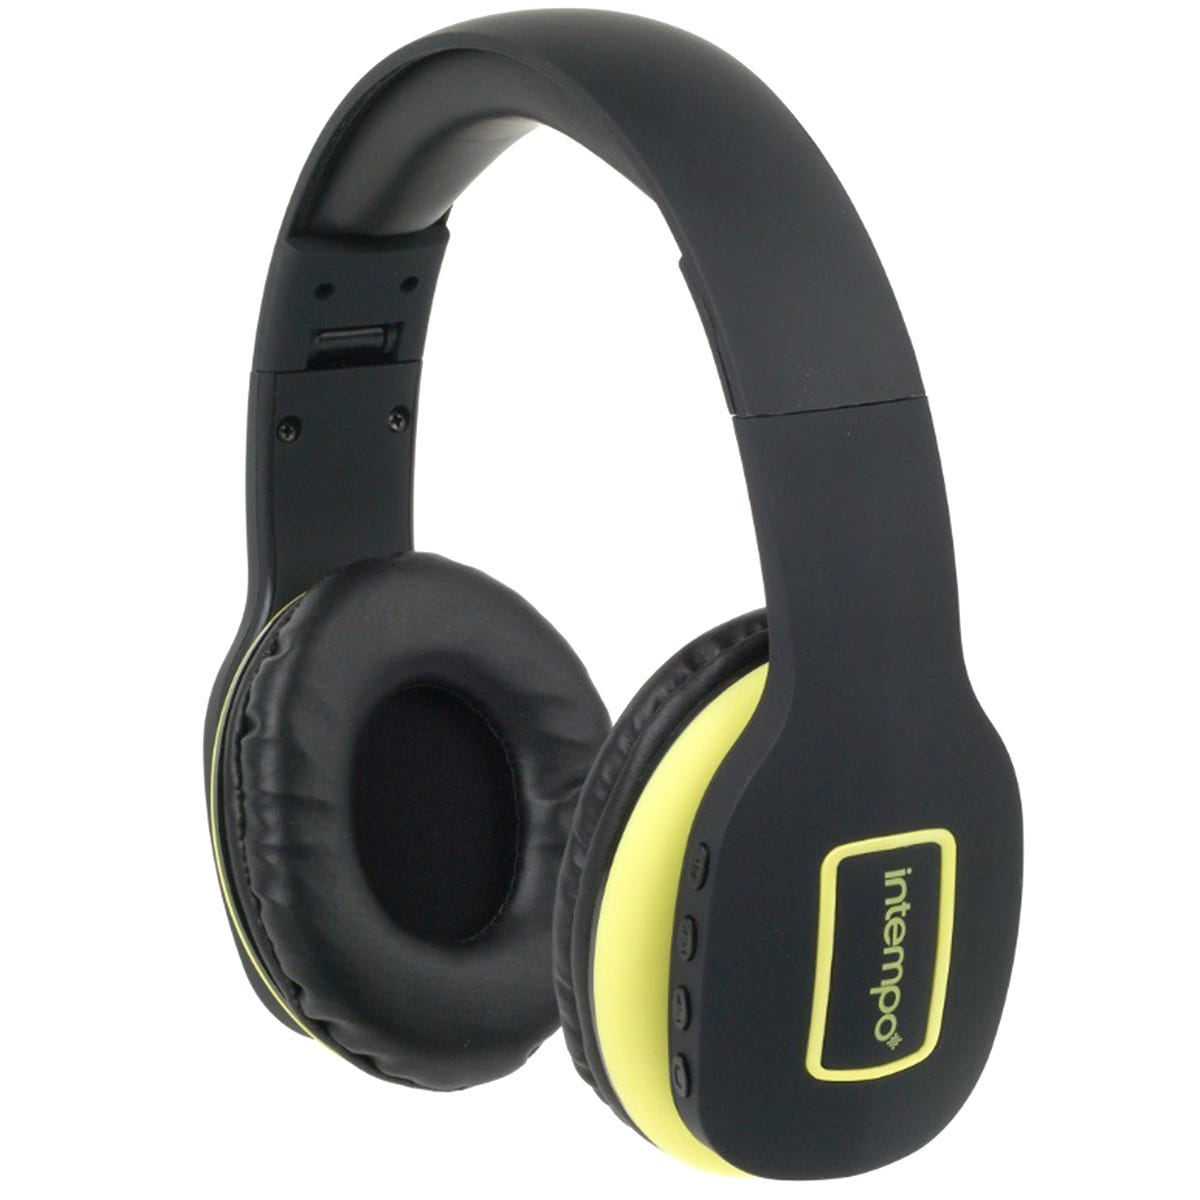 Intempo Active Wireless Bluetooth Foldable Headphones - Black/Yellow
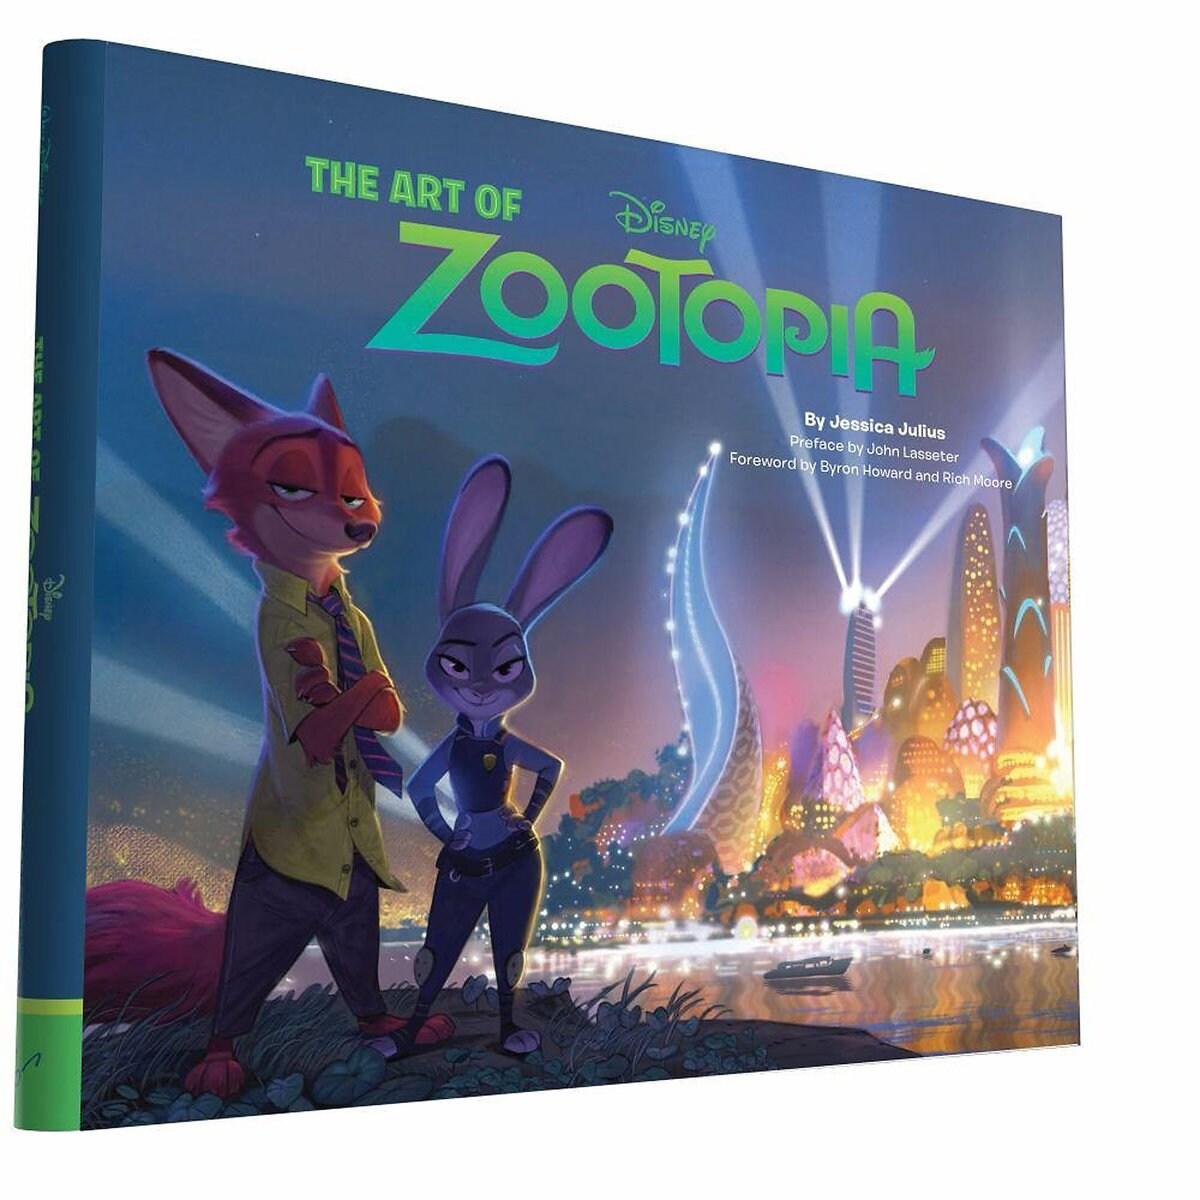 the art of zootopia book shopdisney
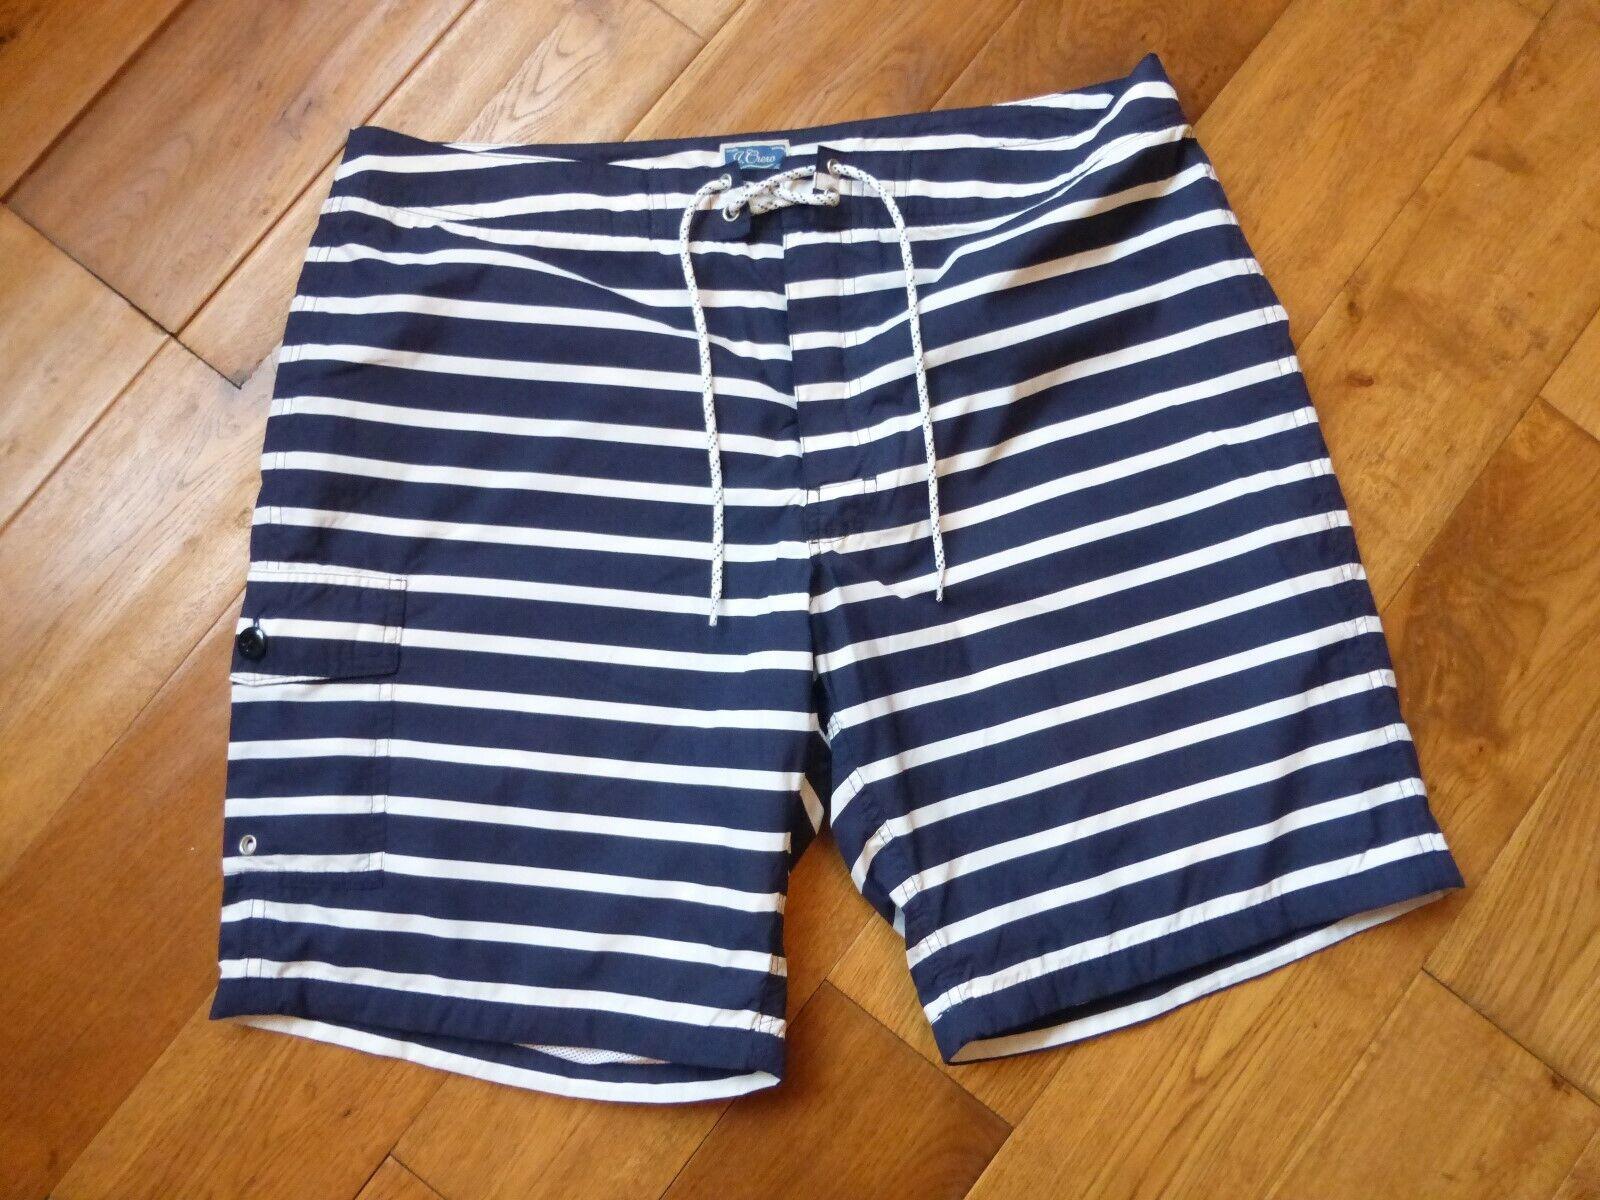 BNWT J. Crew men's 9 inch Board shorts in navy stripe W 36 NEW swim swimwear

-*-*-

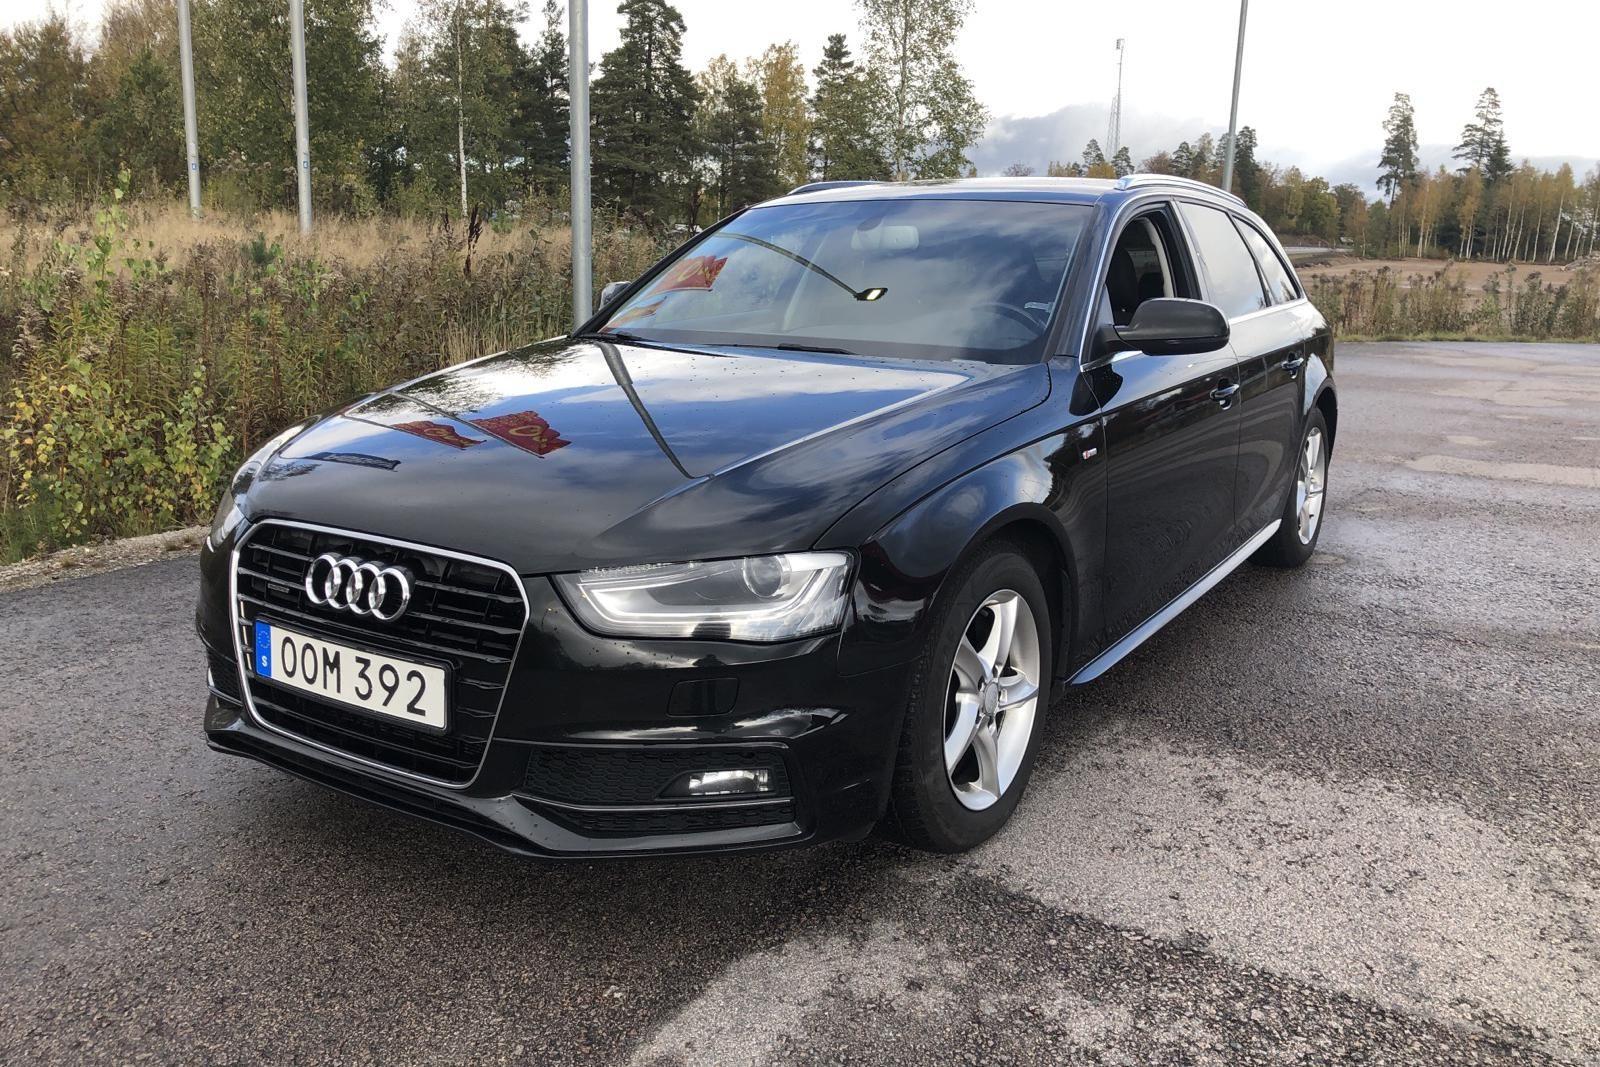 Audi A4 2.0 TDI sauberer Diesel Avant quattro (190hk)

-*-*-

Everything above from the line containing "Intempo Active Wireless" through the line containing "BNWT J. Crew" must be repeated exactly, and the pictures must be left out.

Response to the exercise:
 Intempo Active Wireless Bluetooth Foldable Headphones - Black/Yellow
 the art of zootopia book shopdisney
 BNWT J. Crew men's 9 inch Board shorts in navy stripe W 36 NEW swim swimwear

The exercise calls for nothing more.